With pictures excluded, repeat exactly the lines from the one containing "Kyi Kyi Fox" through the last line of the material below.

Data extract:
□ □ □ □
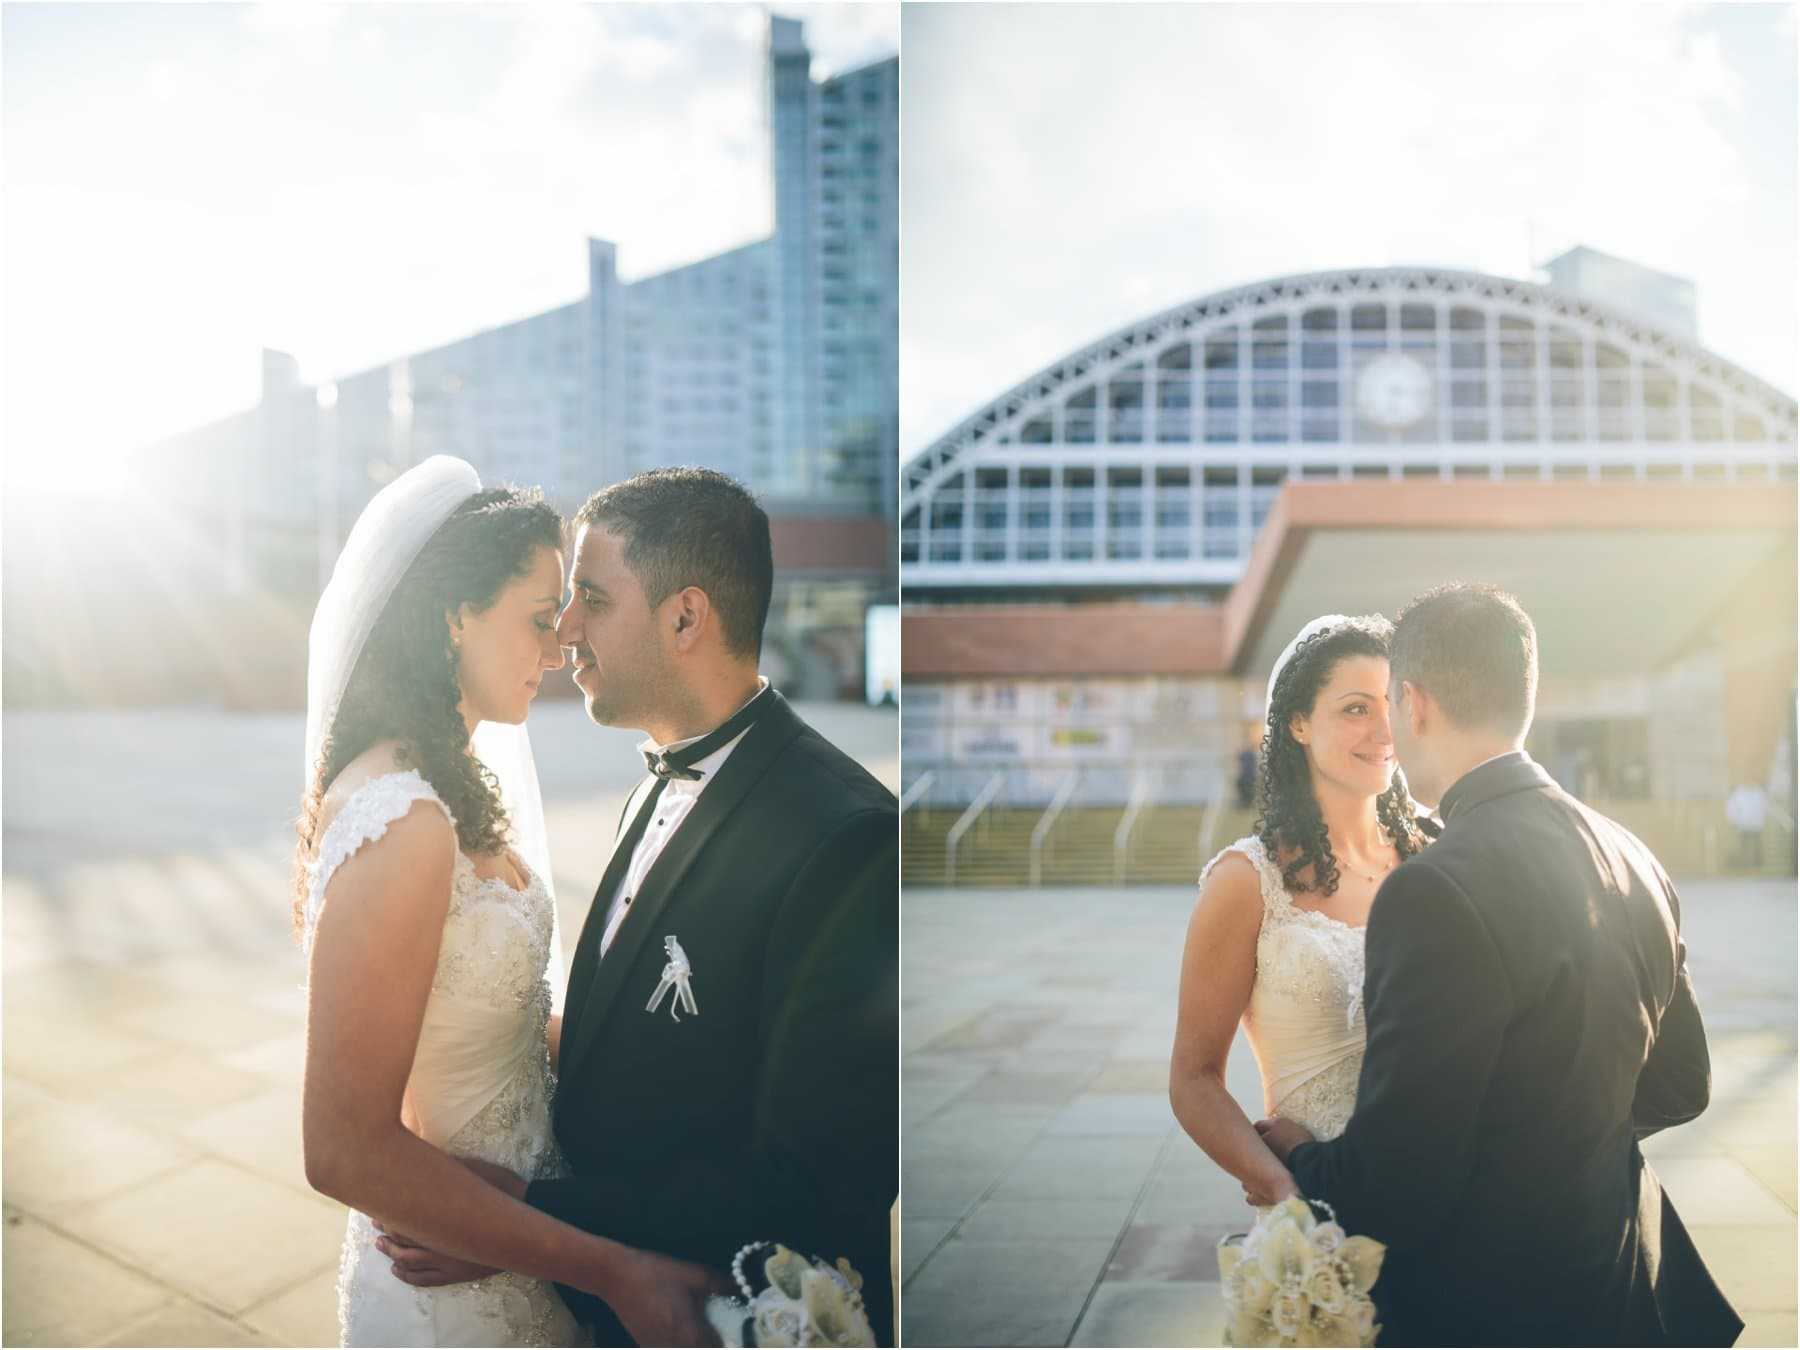 Midland_Manchester_Wedding_Photography_0087
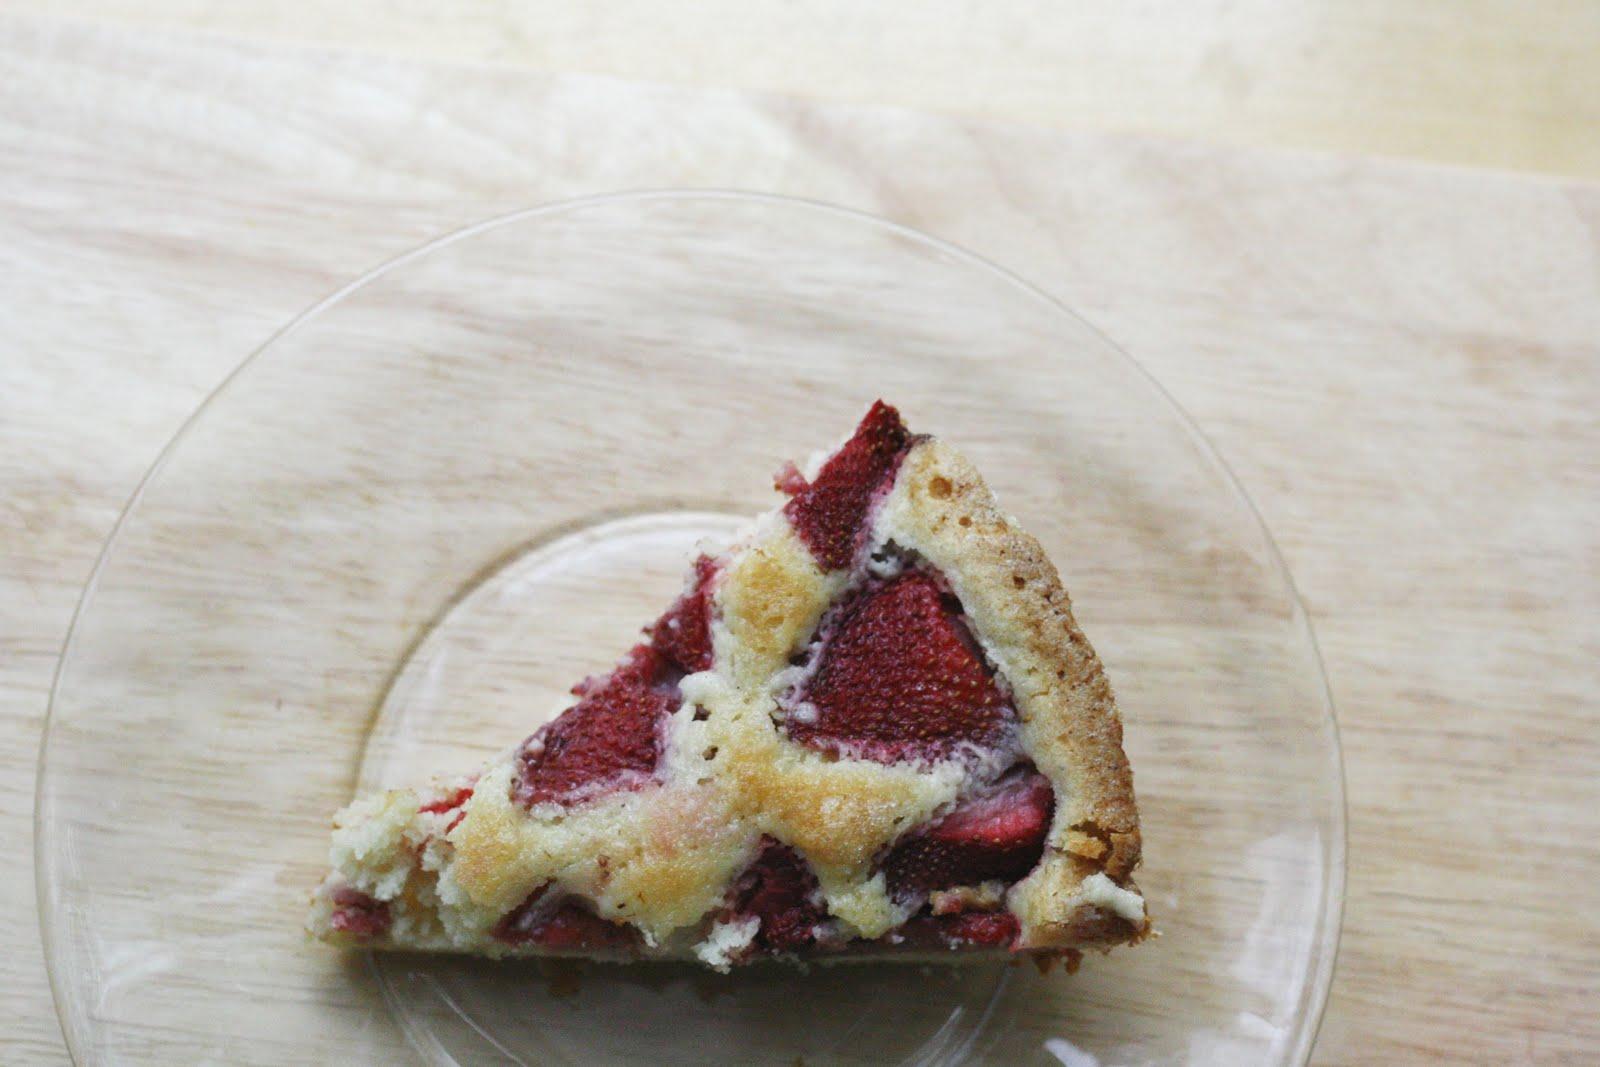 strawberry buttermilk cake | The Vanilla Bean Blog
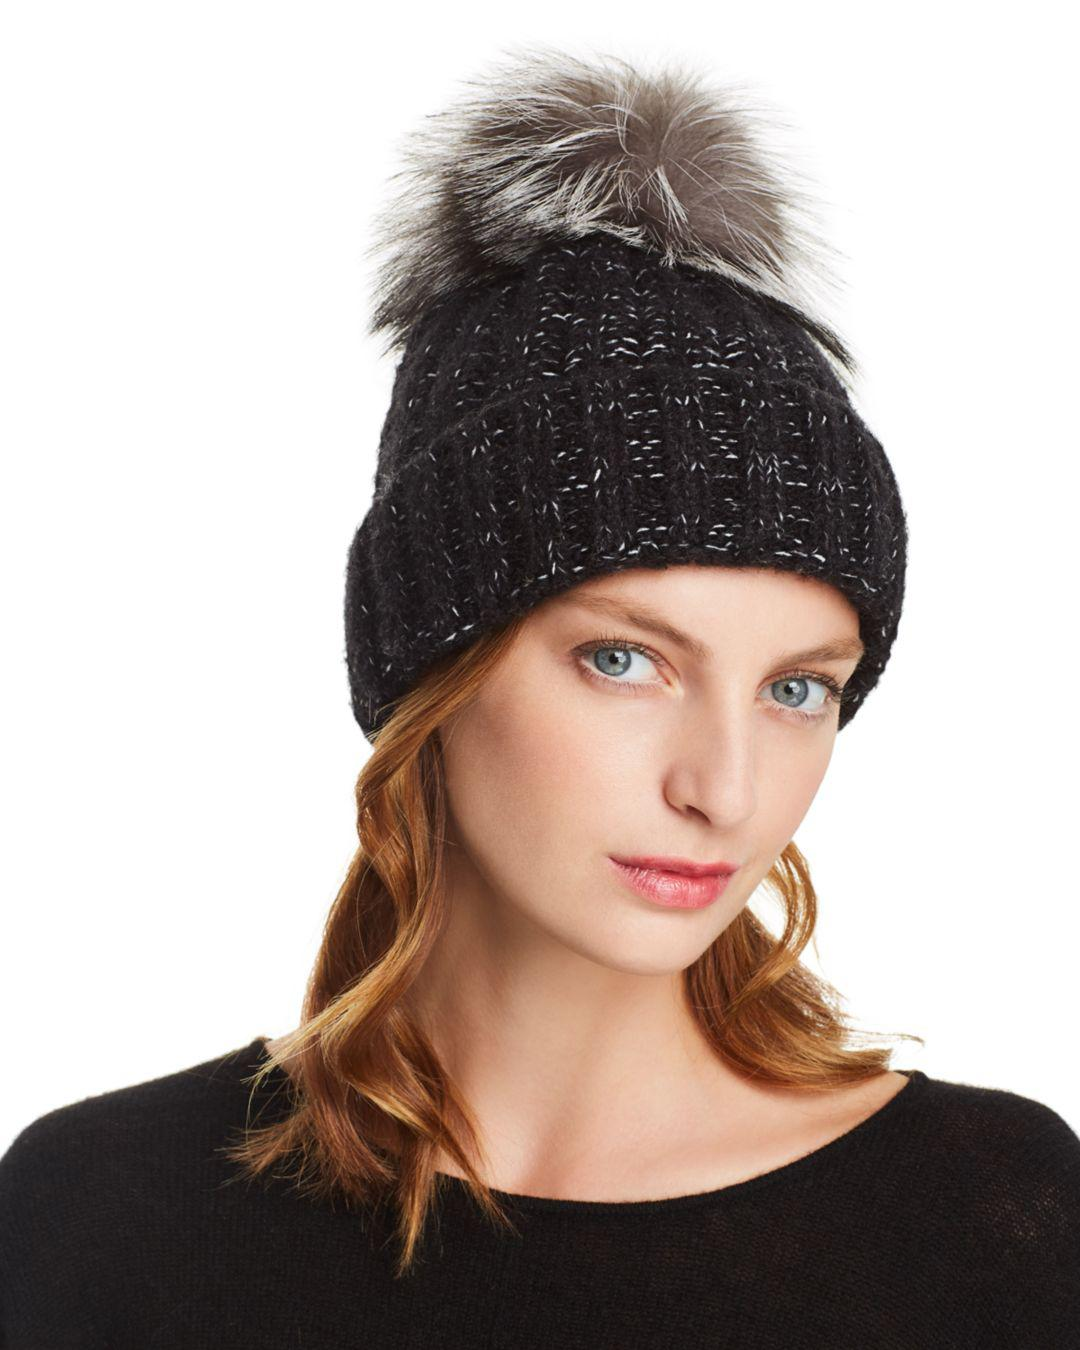 Kyi Kyi Fox Fur Pom-pom Rib-knit Beanie in Black - Lyst 99f61ee93da8
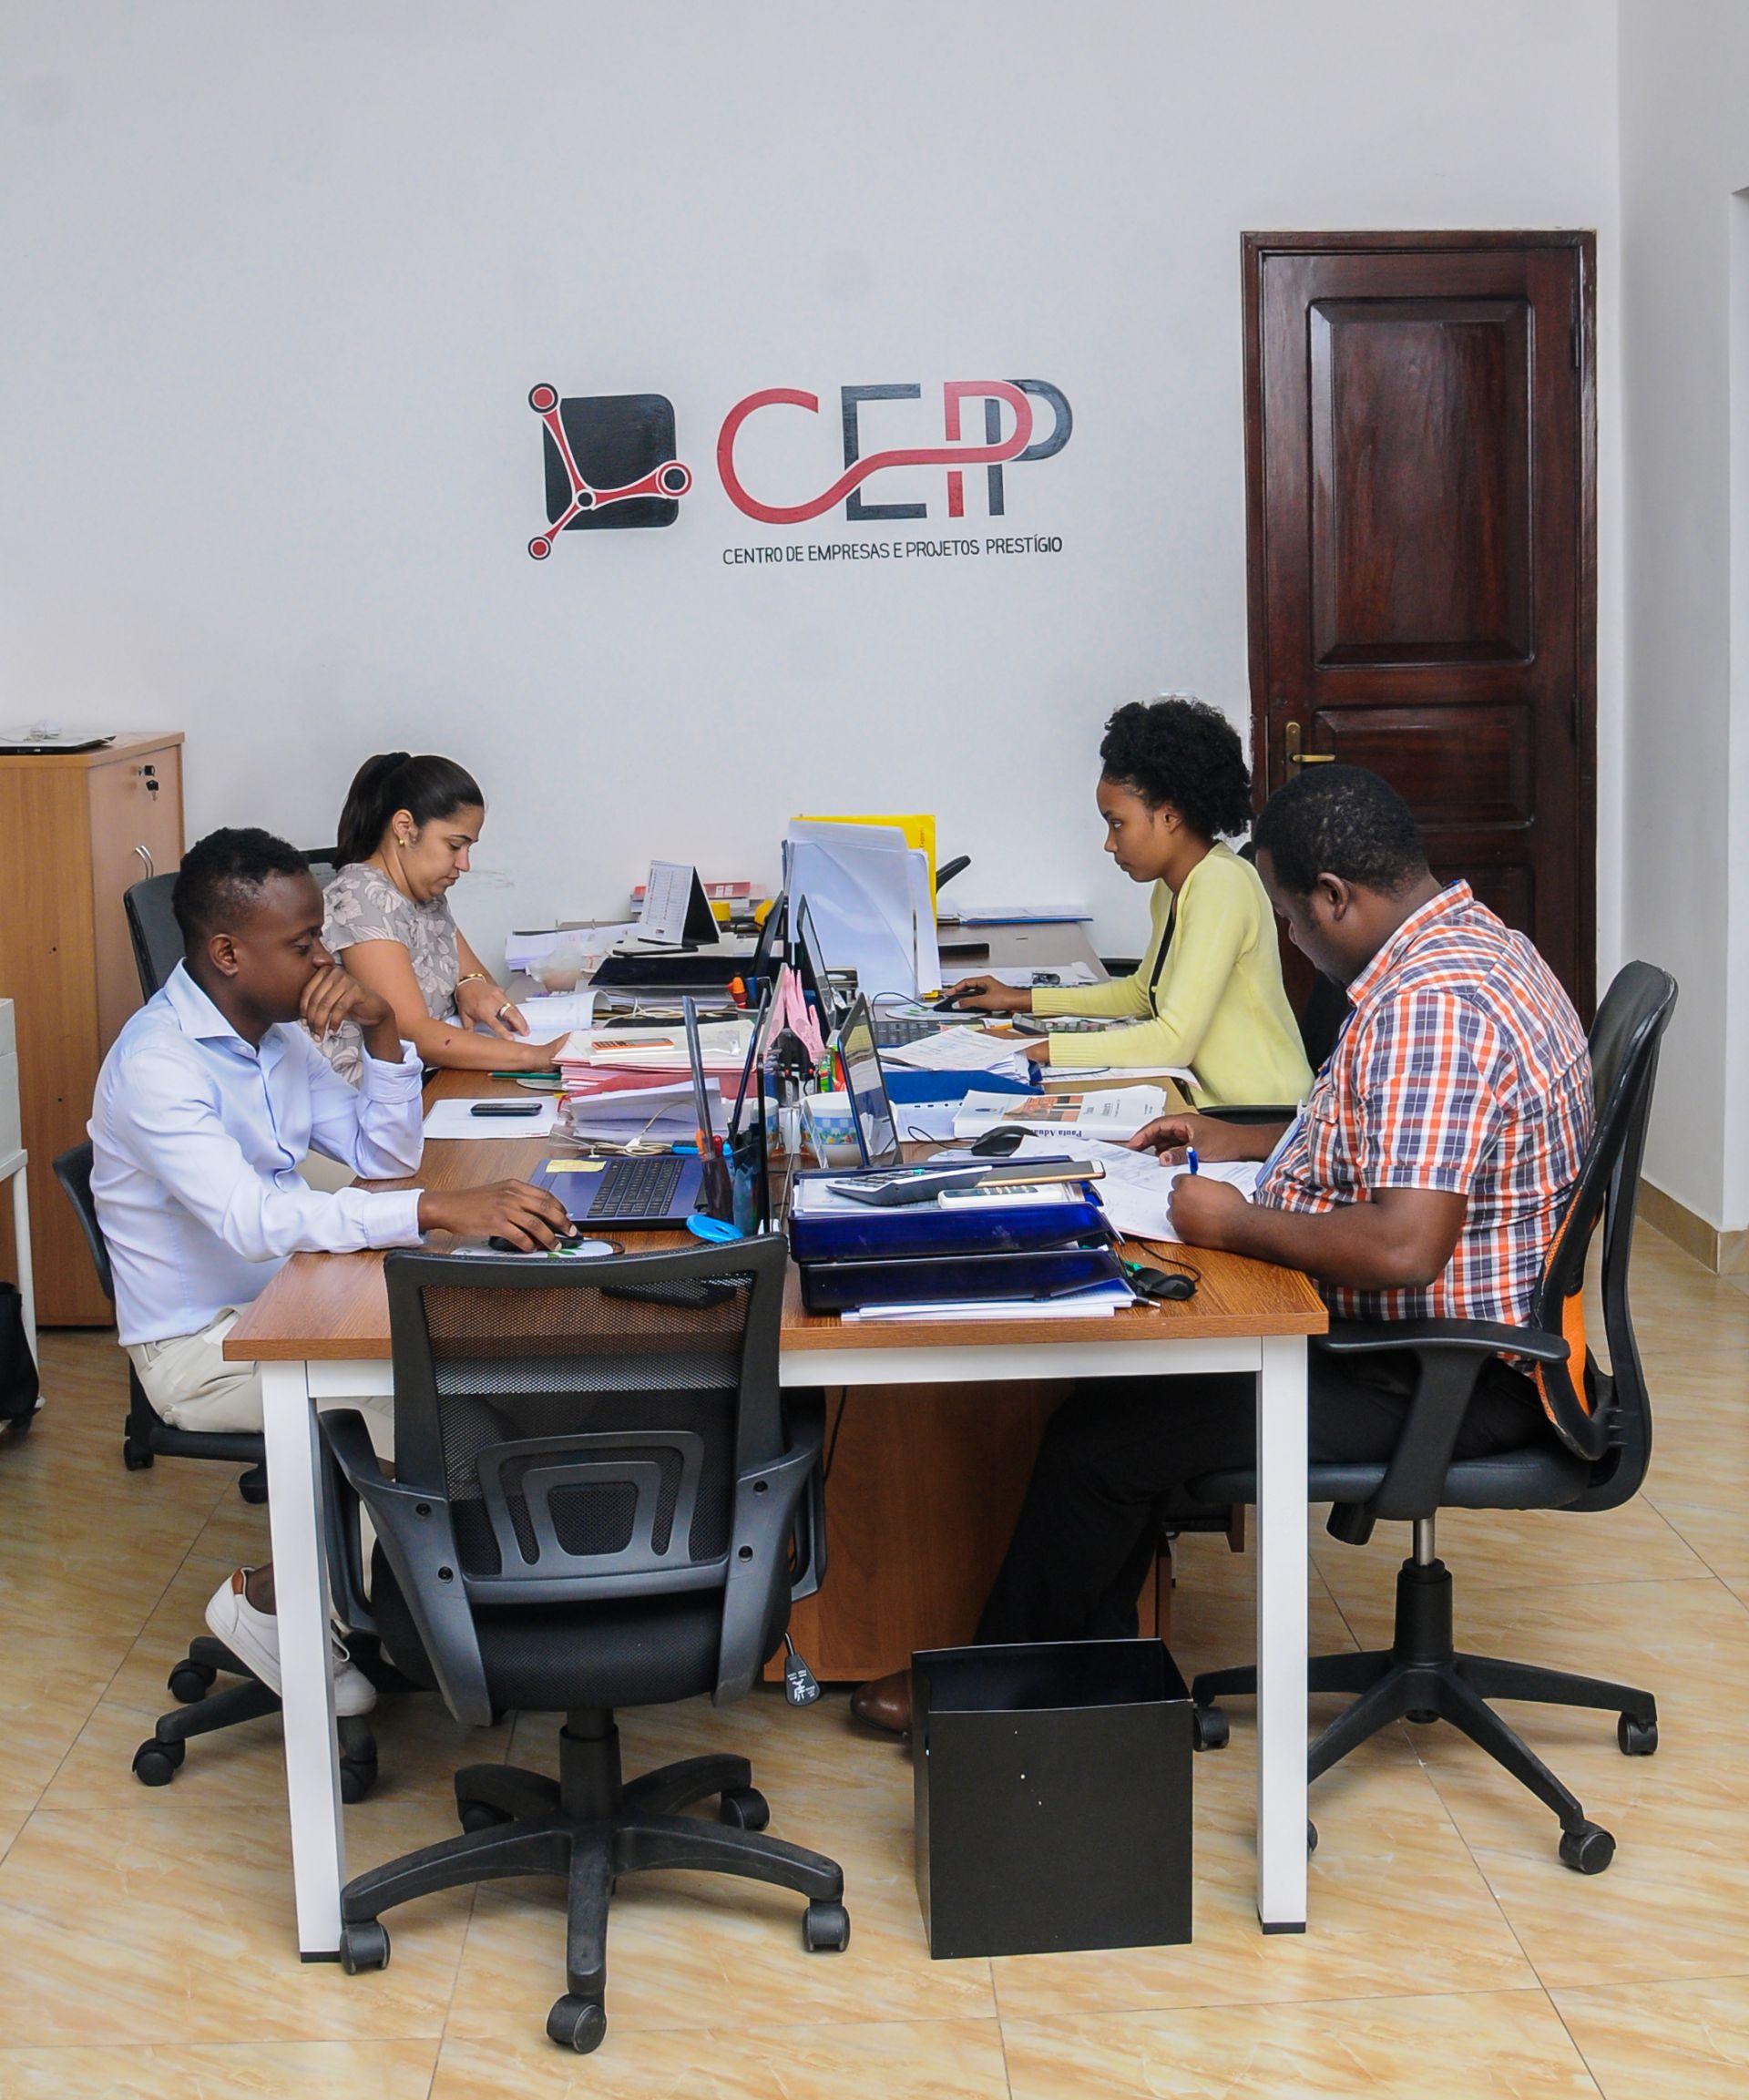 Centro de Empresas e Projectos Prestigio (CEPP), Luanda
□ □ □ □
Response box:
 Kyi Kyi Fox Fur Pom-pom Rib-knit Beanie in Black - Lyst 99f61ee93da8
 Centro de Empresas e Projectos Prestigio (CEPP), Luanda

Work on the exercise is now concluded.